Staff recently promoted to a more senior role can also benefit. “Coaching can help you think more strategically, as well as looking at specific areas such as business planning and presentation skills,” Ms Kershaw points out.

While coaching takes place at work, it’s a chance to step back from immediate concerns and be more objective.

“Coaching works on many levels to boost confidence. That’s because people develop their understanding of issues, expand the options available to them and take positive steps towards achieving their goals,” Ms Kershaw says.

Typically, Ms Kershaw and her colleagues will work with a client for three to six sessions, either face-to-face or by phone calls spread over the same number of weeks.

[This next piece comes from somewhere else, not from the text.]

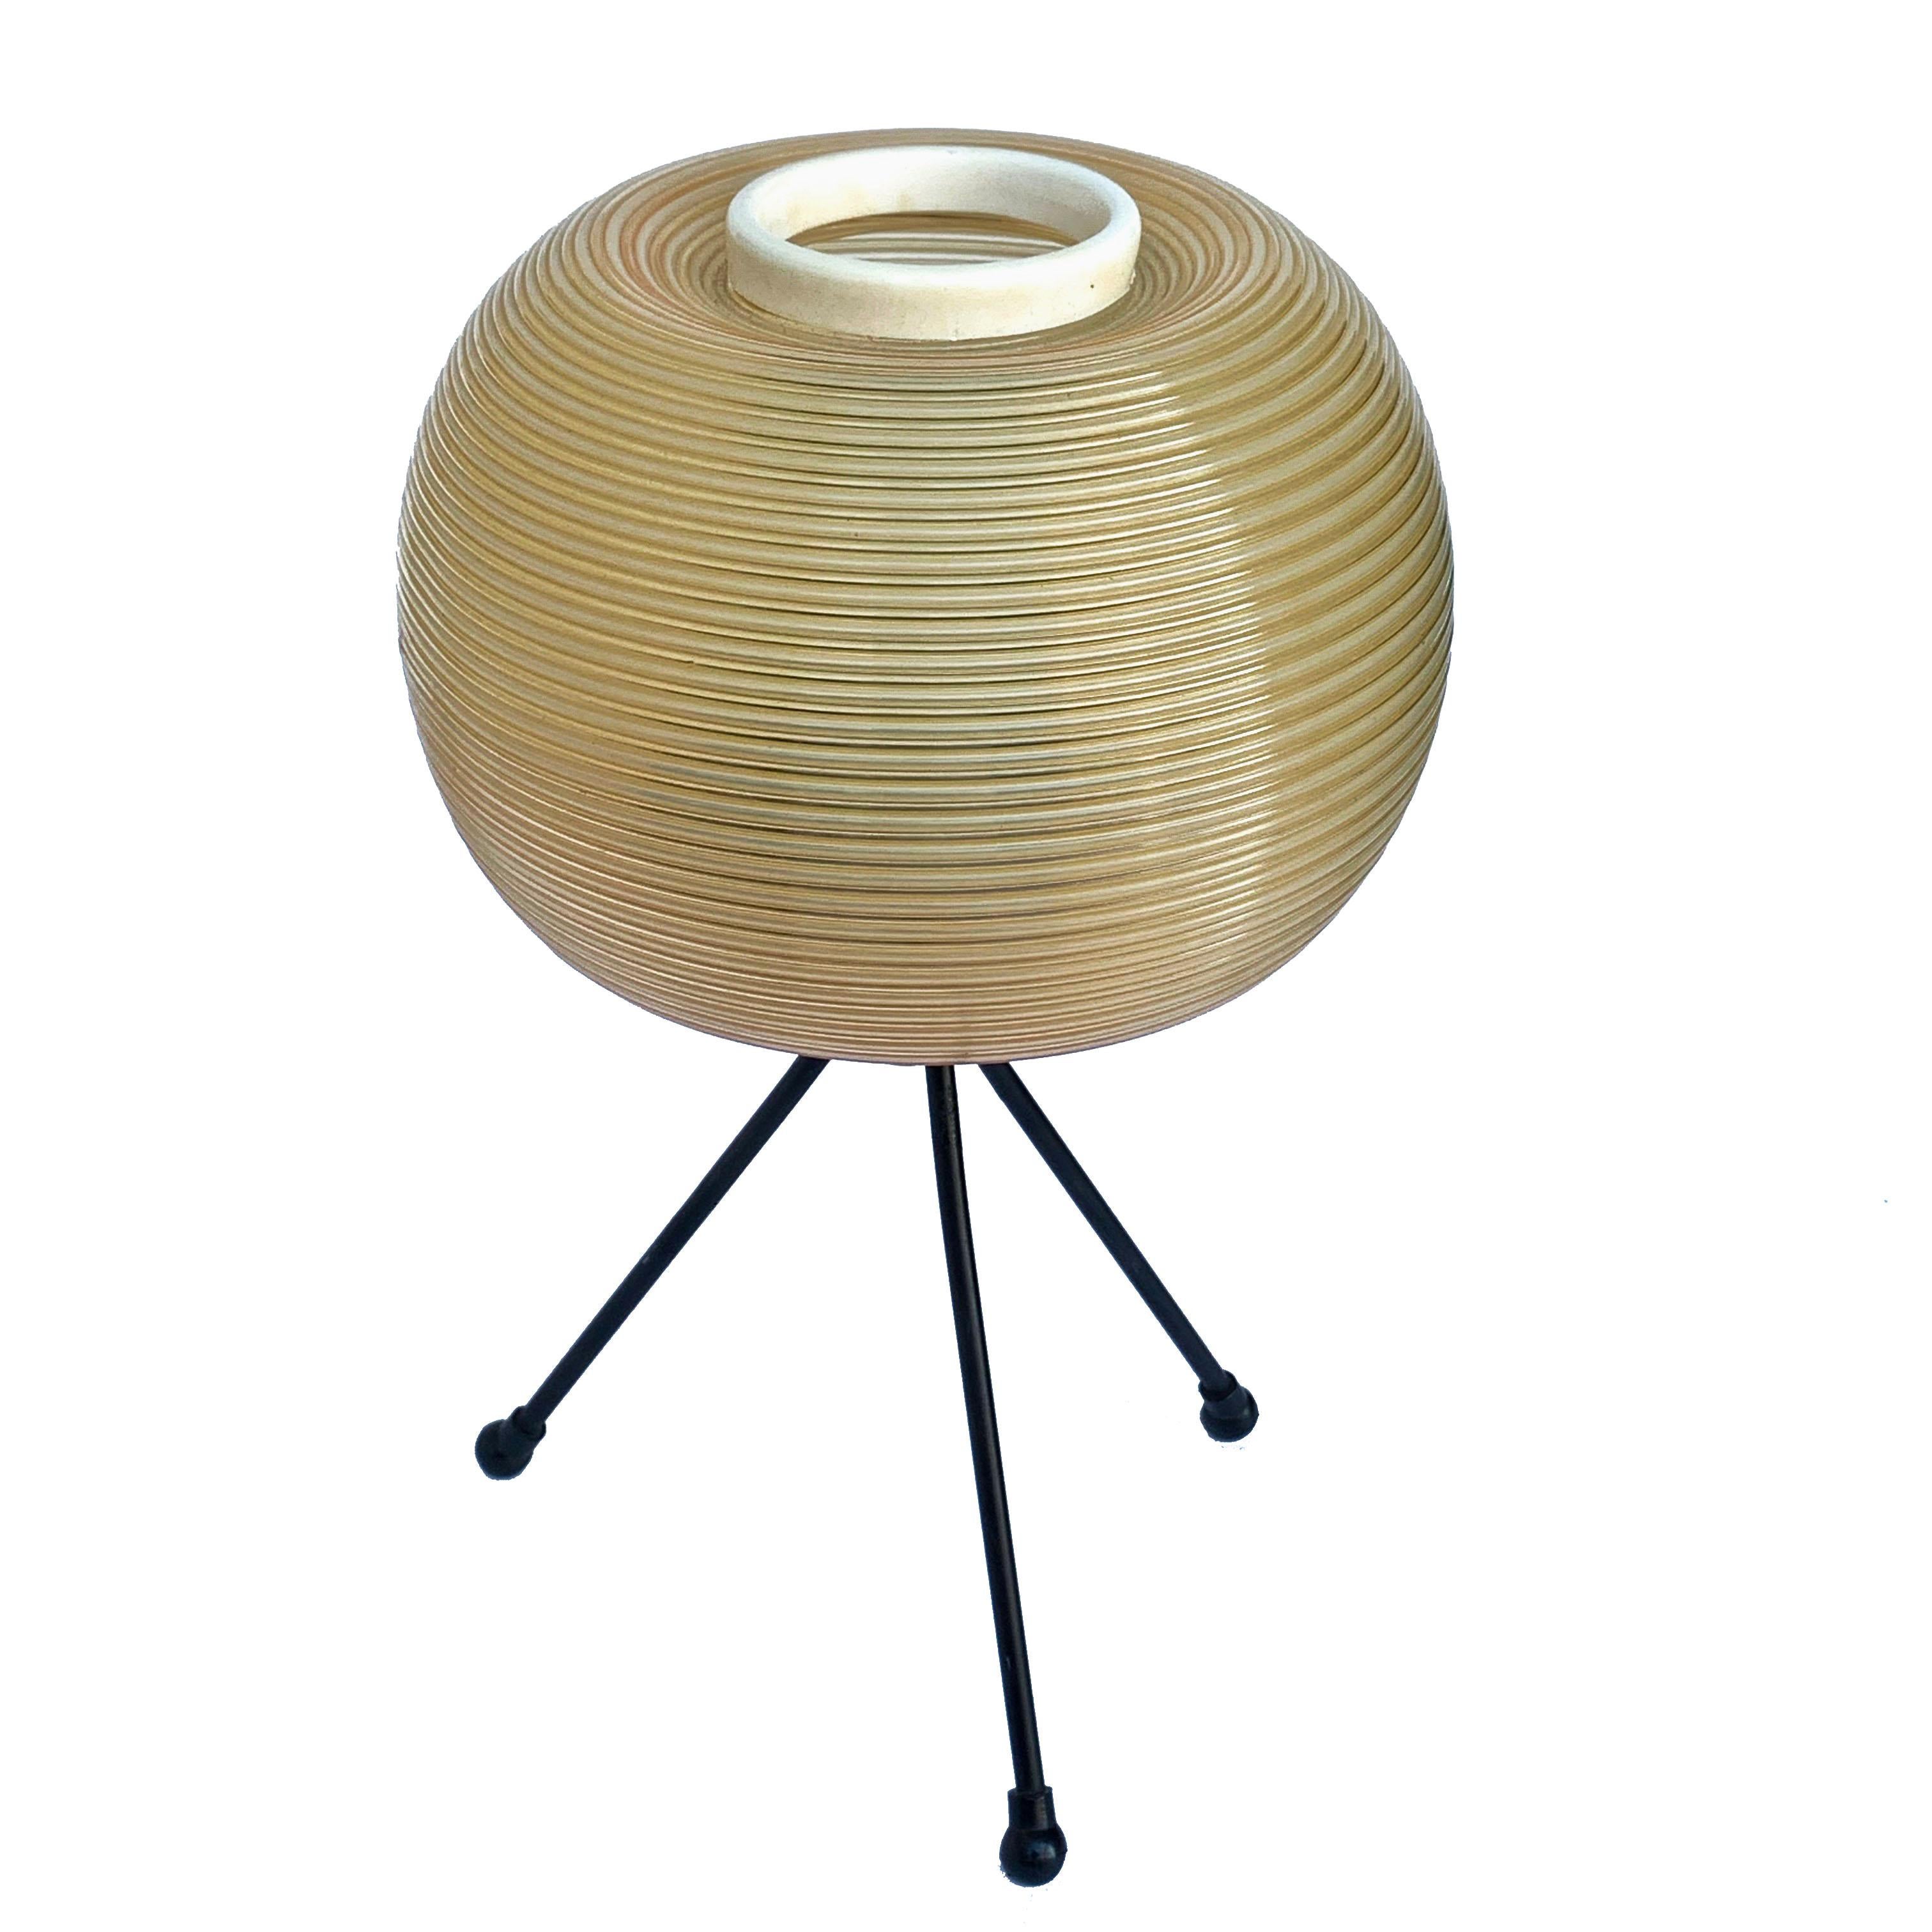 Rotaflex Table Lamp, Disderot ARP Guariche Mortar Motte Design 1950s Table Lamp

“A clear contact between coach and client is essential,” she says. “You have to know what you want to get at the end of the process. I also like to review the situation mid-way. Two things are essential the individual and the line manager must be committed to the process, and there must be clear outcomes identified, for the coaching and each session.”

Coaching 'not cheap'

The benefits may be widely understood, but coaching does not come cheap. One way of making coaching available to as wide a group of staff as possible is to set up a regional coaching pool. This is the approach being taken by 12 councils in the West Midlands. They are working with the West Midlands Local Government Association to develop a pool which will deliver coaching services across the authorities free of charge.

Councils taking part include Birmingham City Council, Staffordshire CC and Wolverhampton City Council, and the project is financed by the Regional Capacity Building Fund. It is hoped that over 4,000 hours of coaching will be available.

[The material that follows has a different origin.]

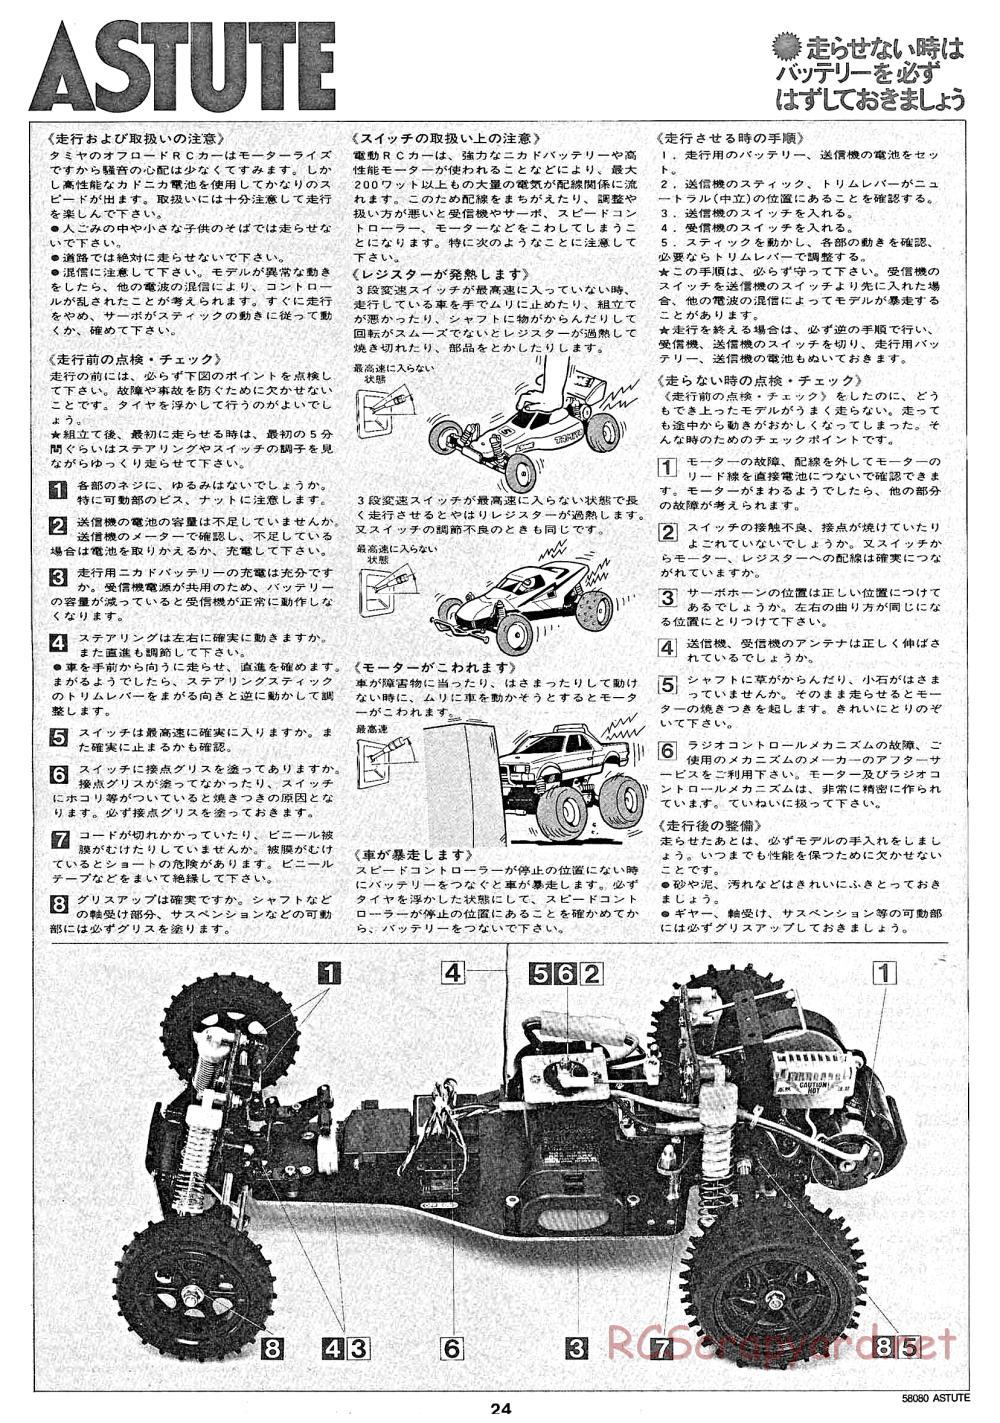 Tamiya - Astute - 58080 - Manual - Page 24

Even for authorities who buy in coaching services, taking a team-based approach can be very resource-effective, says Ms Kershaw. “Team coaching means we are asking the question are you working as a team, or just as a group?”

she says. “Often, individuals have to learn how to be team players, but coaching the entire group in the workplace can make this easier. It’s a way of developing relationships within the group so that it can become greater than the sum of its parts.”